Aims: To describe impact of COVID-19 on lung cancer incidence, stage at diagnosis, treatment utilisation and timeliness of care in Victoria, Australia.
Methods: Retrospective study using population wide Victorian Cancer Registry data and clinical data from the Victorian Lung Cancer Registry, comparing data pre-COVID (01 Jan 2019 to 31 Mar 2020) with the COVID era (01 Apr 2020 to 31 Dec 2021). Population wide data on 9,857 lung cancer diagnoses diagnosed from 2019 to 2021 in Victorian residents, and 5,984 cases with additional clinical data.

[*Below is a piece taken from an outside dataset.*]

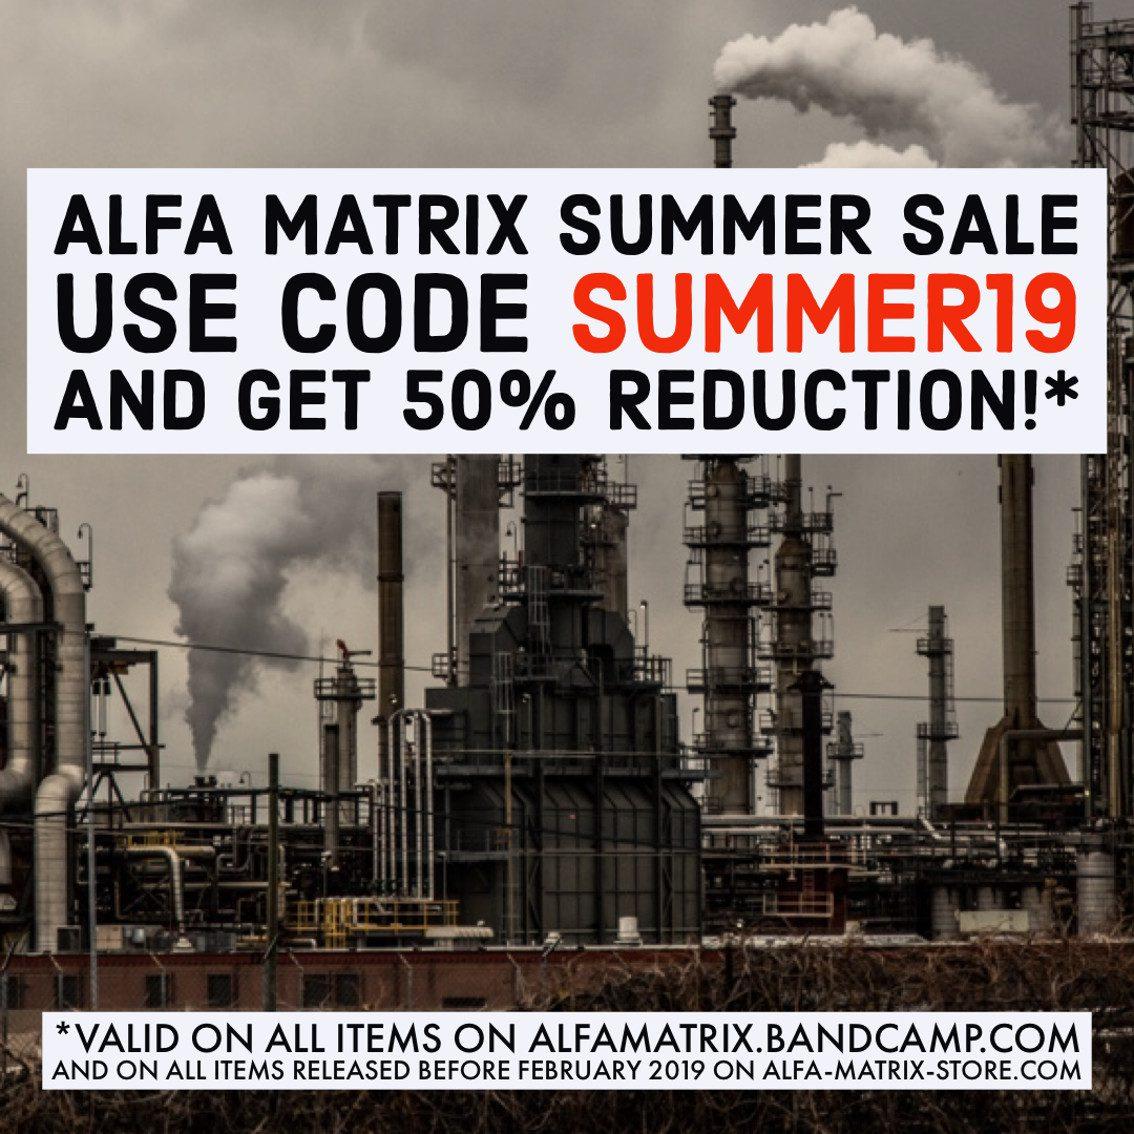 Alfa Matrix launches massive sale: 50% reduction on over 400 releases
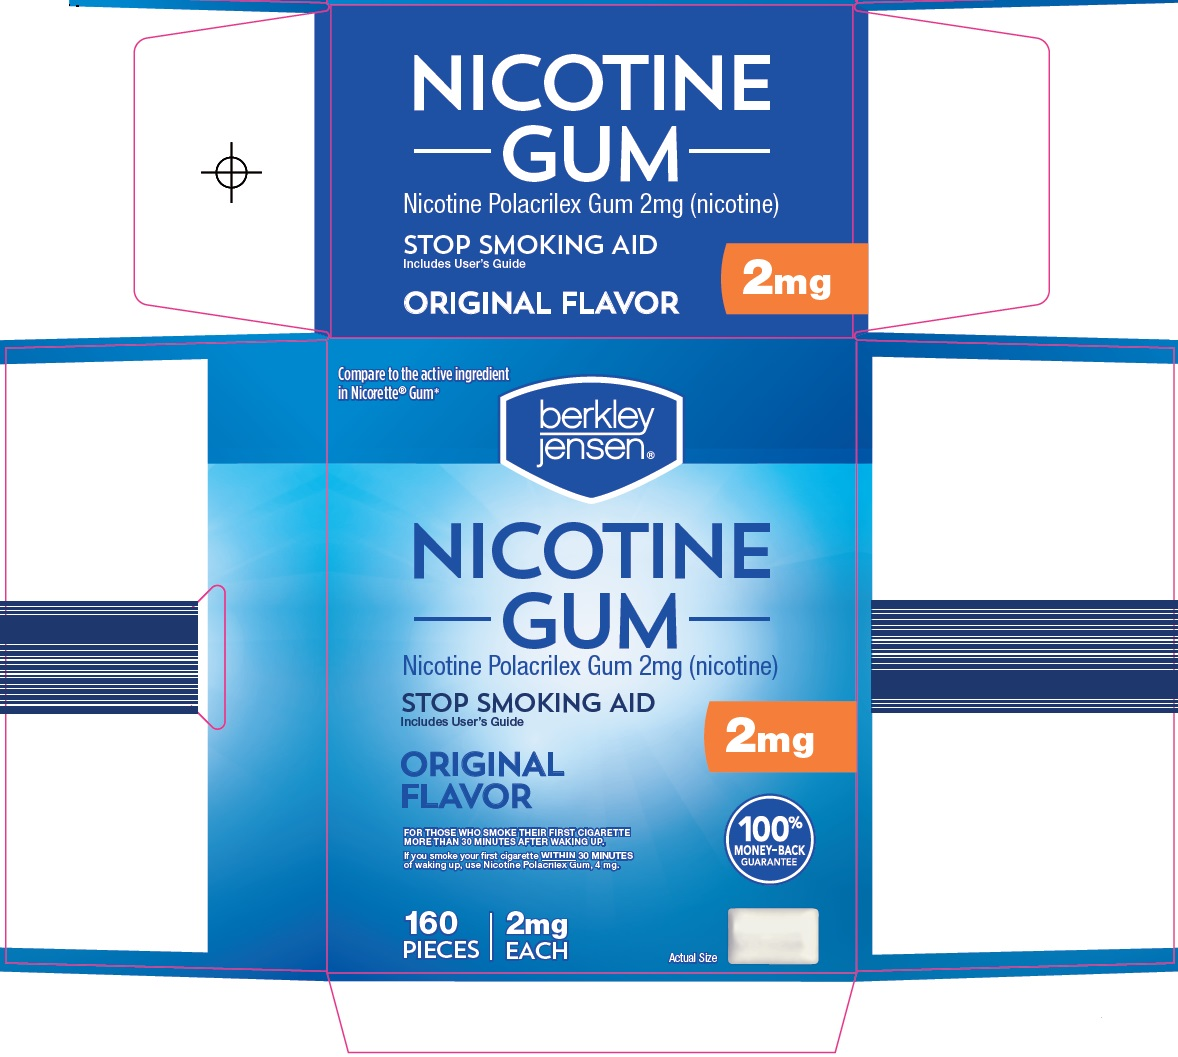 029d3-nicotine-gum-carton-image-1

Results: Between Q2 2020 and end of 2021, 282 (95% CI = 190 – 374) fewer Victorians (127 (95%CI 63-190) males and 154 females (95%CI 88-222)) were diagnosed with lung cancer than expected. No differences were detected in clinical stage at diagnosis following the COVID-19 restrictions. No statistical difference was found in the proportion of patients receiving treatment comparing the COVID period (86.5%) with the pre-COVID period (88.0%; OR = 0.87 [0.75 - 1.02]). The proportion of patients receiving a diagnosis within ≤28 days of referral was similar in the COVID period (69.4%) compared with the pre-COVID period (69.1%; OR = 1.02 [0.91 - 1.14]). No differences were found between the proportion of cases who commenced treatment <= 42 days of referral between the pre-COVID and COVID period. Overall, timeliness measures were more likely to be met by younger patients. Time to treatment targets were less likely to be met for patients residing out of the major cities.
Conclusions: Compared to the expected number of diagnoses, 4.1% fewer lung cancer diagnoses were observed in 2020 and 2021 combined. Although the healthcare system in Victoria had many disruptions following COVID restrictions, no major negative impacts on treatment utilisation nor timeliness were observed.